_What the task asks_
Since pictures are not wanted, repeat only the text of the records, word for word.

_Data for this task_
════════

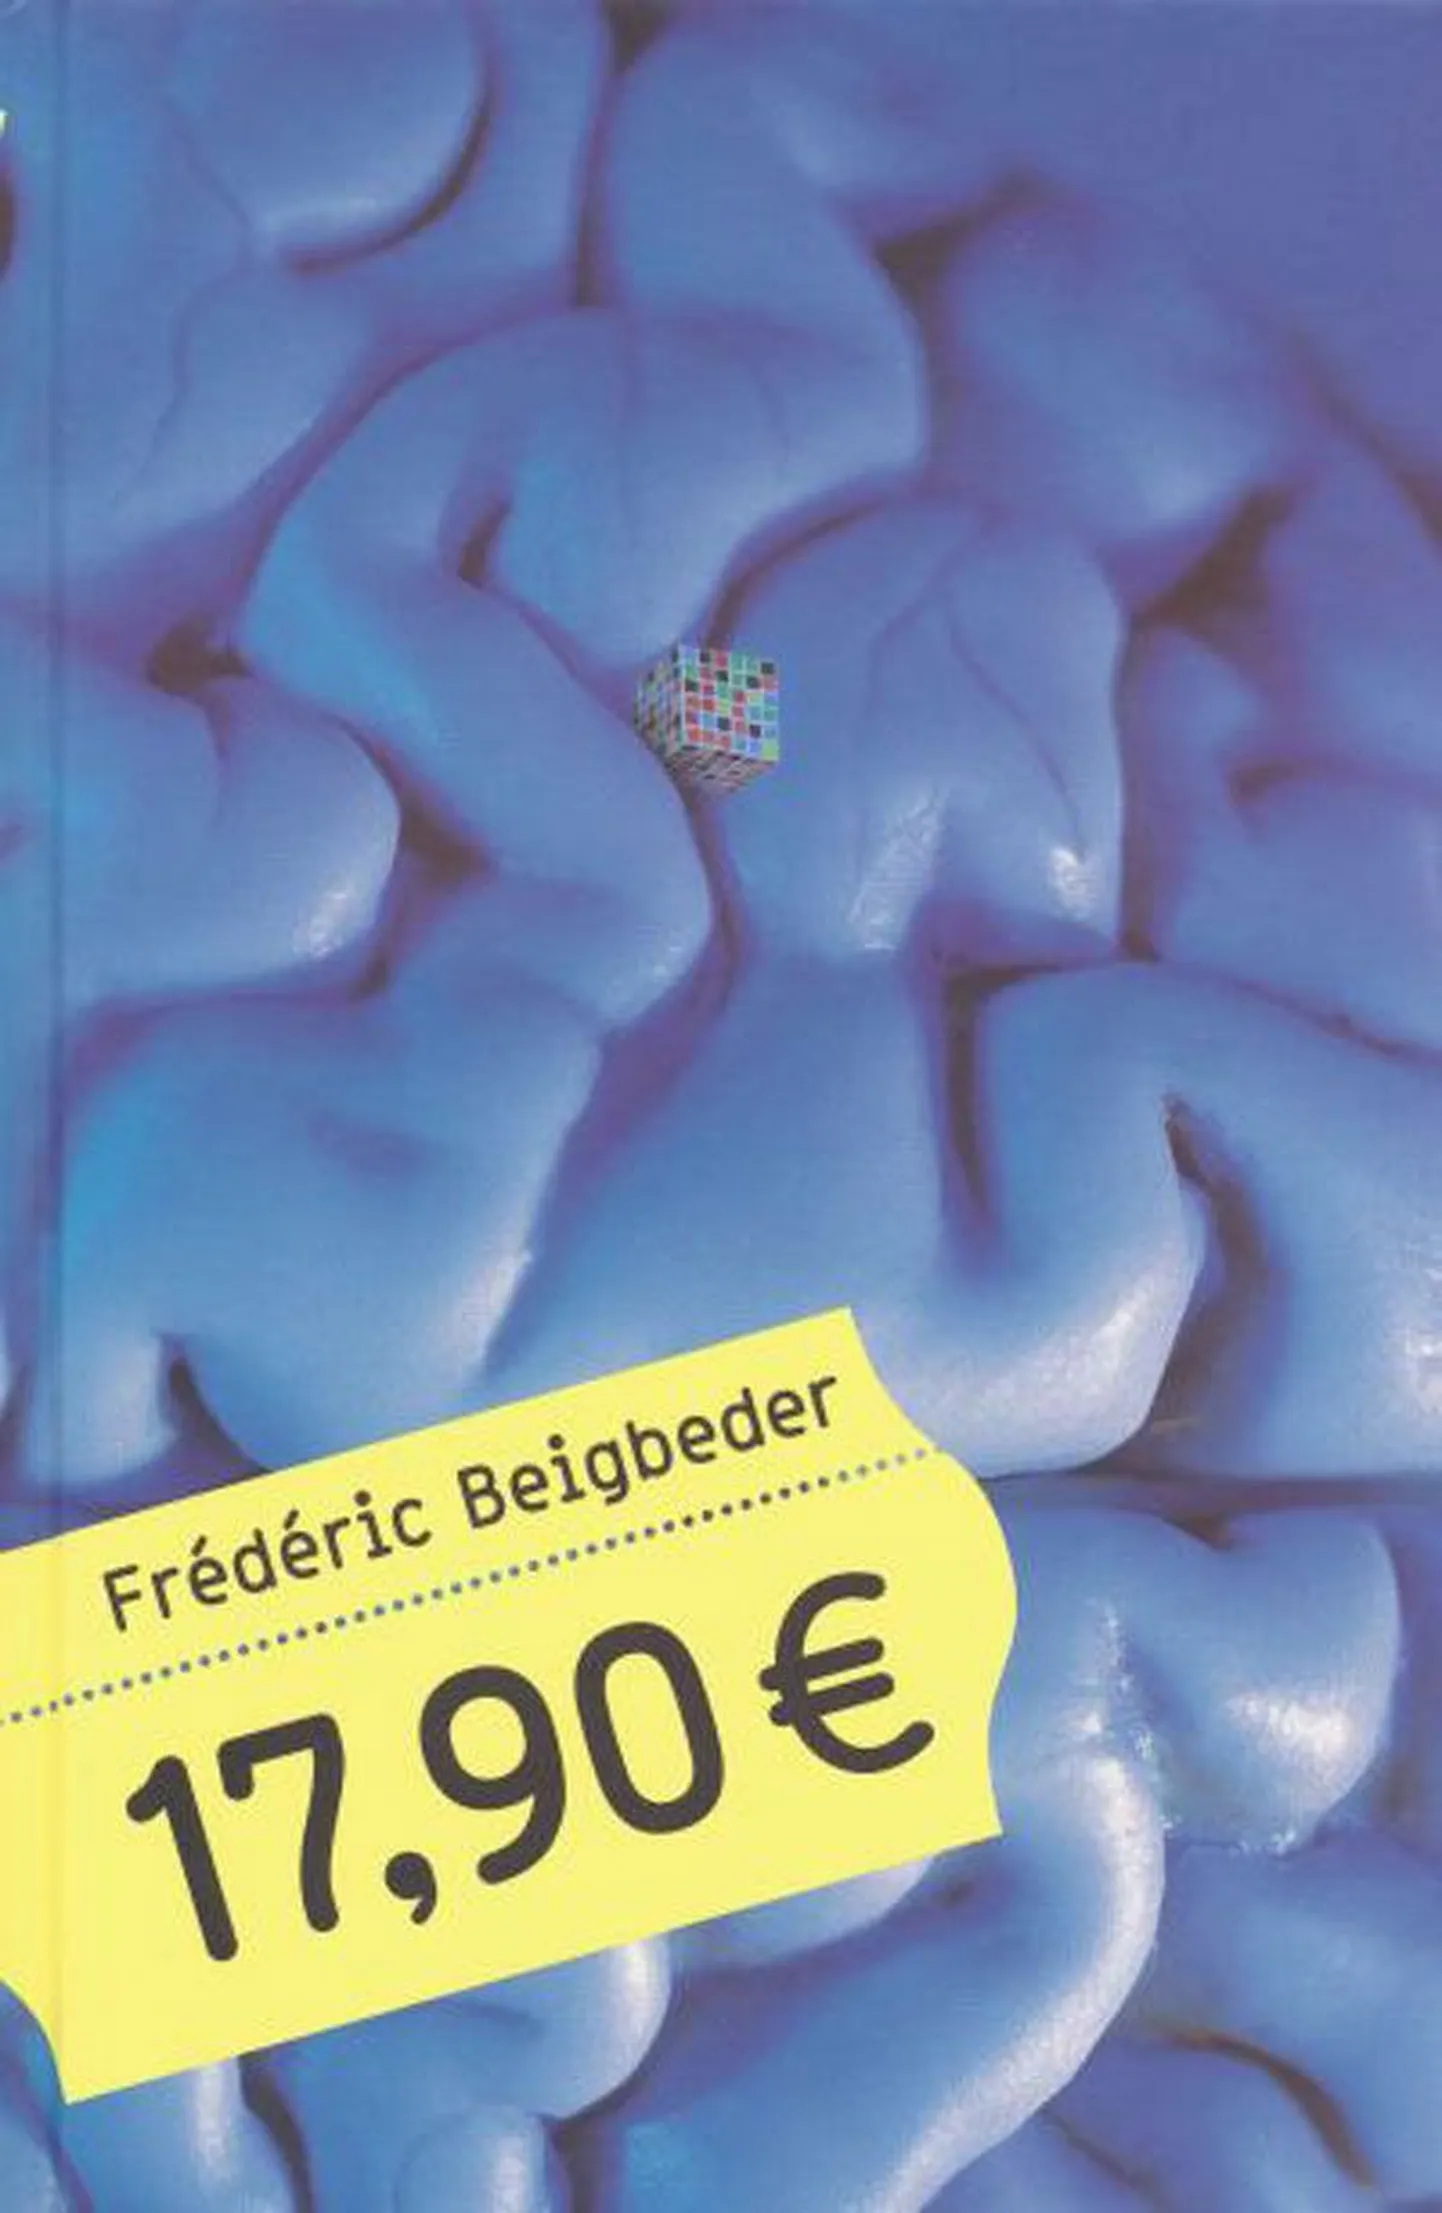 Frédéric ­Beigbeder 
«17,90 € »
Prantsuse ­keelest tõlkinud Anti Saar
Varrak, 235 lk
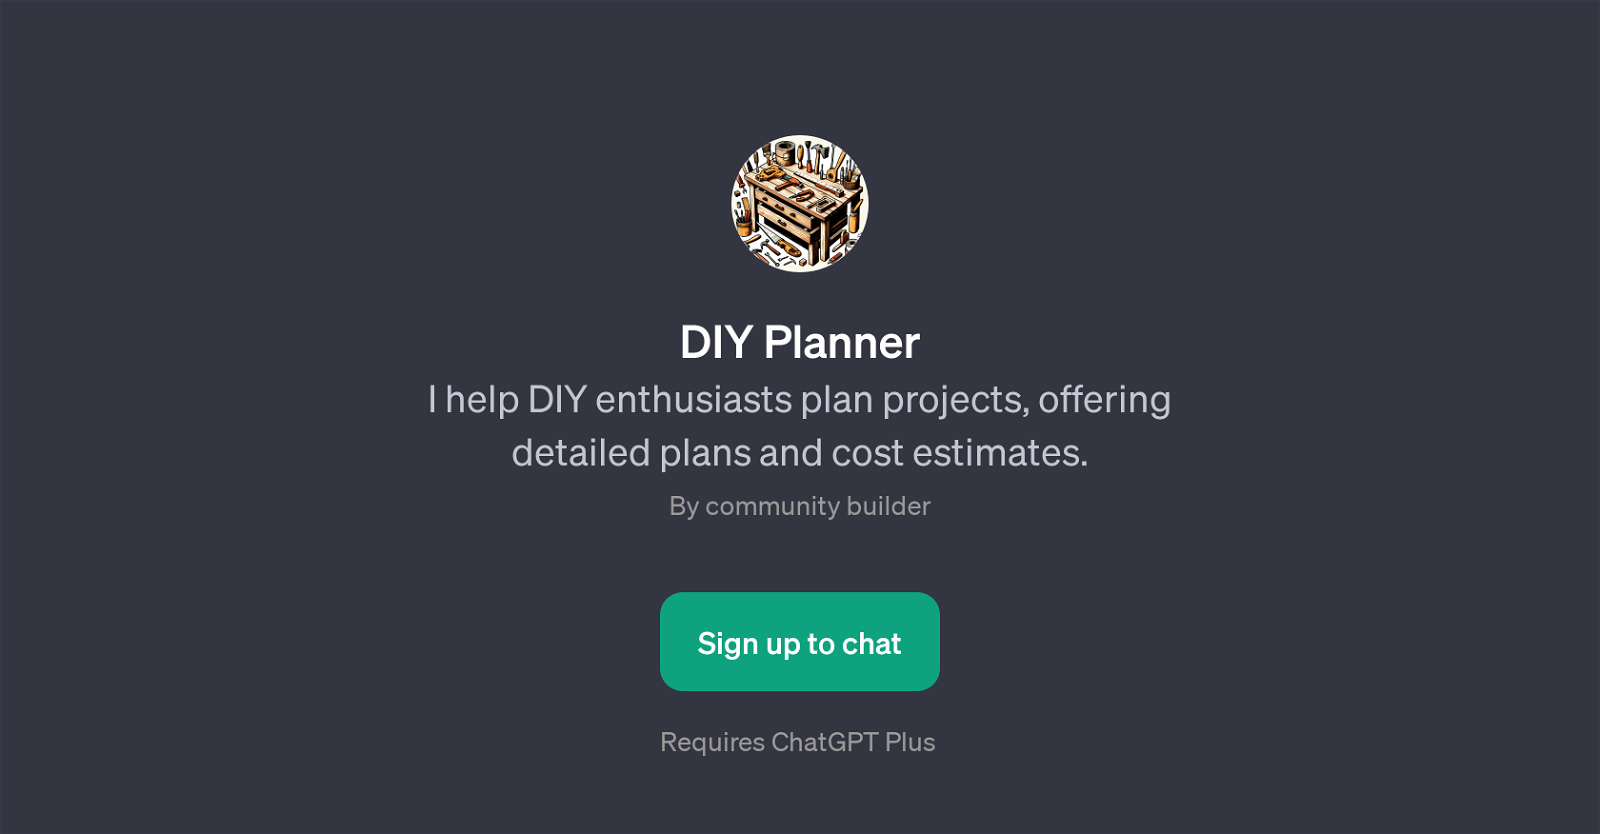 DIY Planner website

════════

_Exercise response_
 Frédéric ­Beigbeder 
«17,90 € »
Prantsuse ­keelest tõlkinud Anti Saar
Varrak, 235 lk
 DIY Planner website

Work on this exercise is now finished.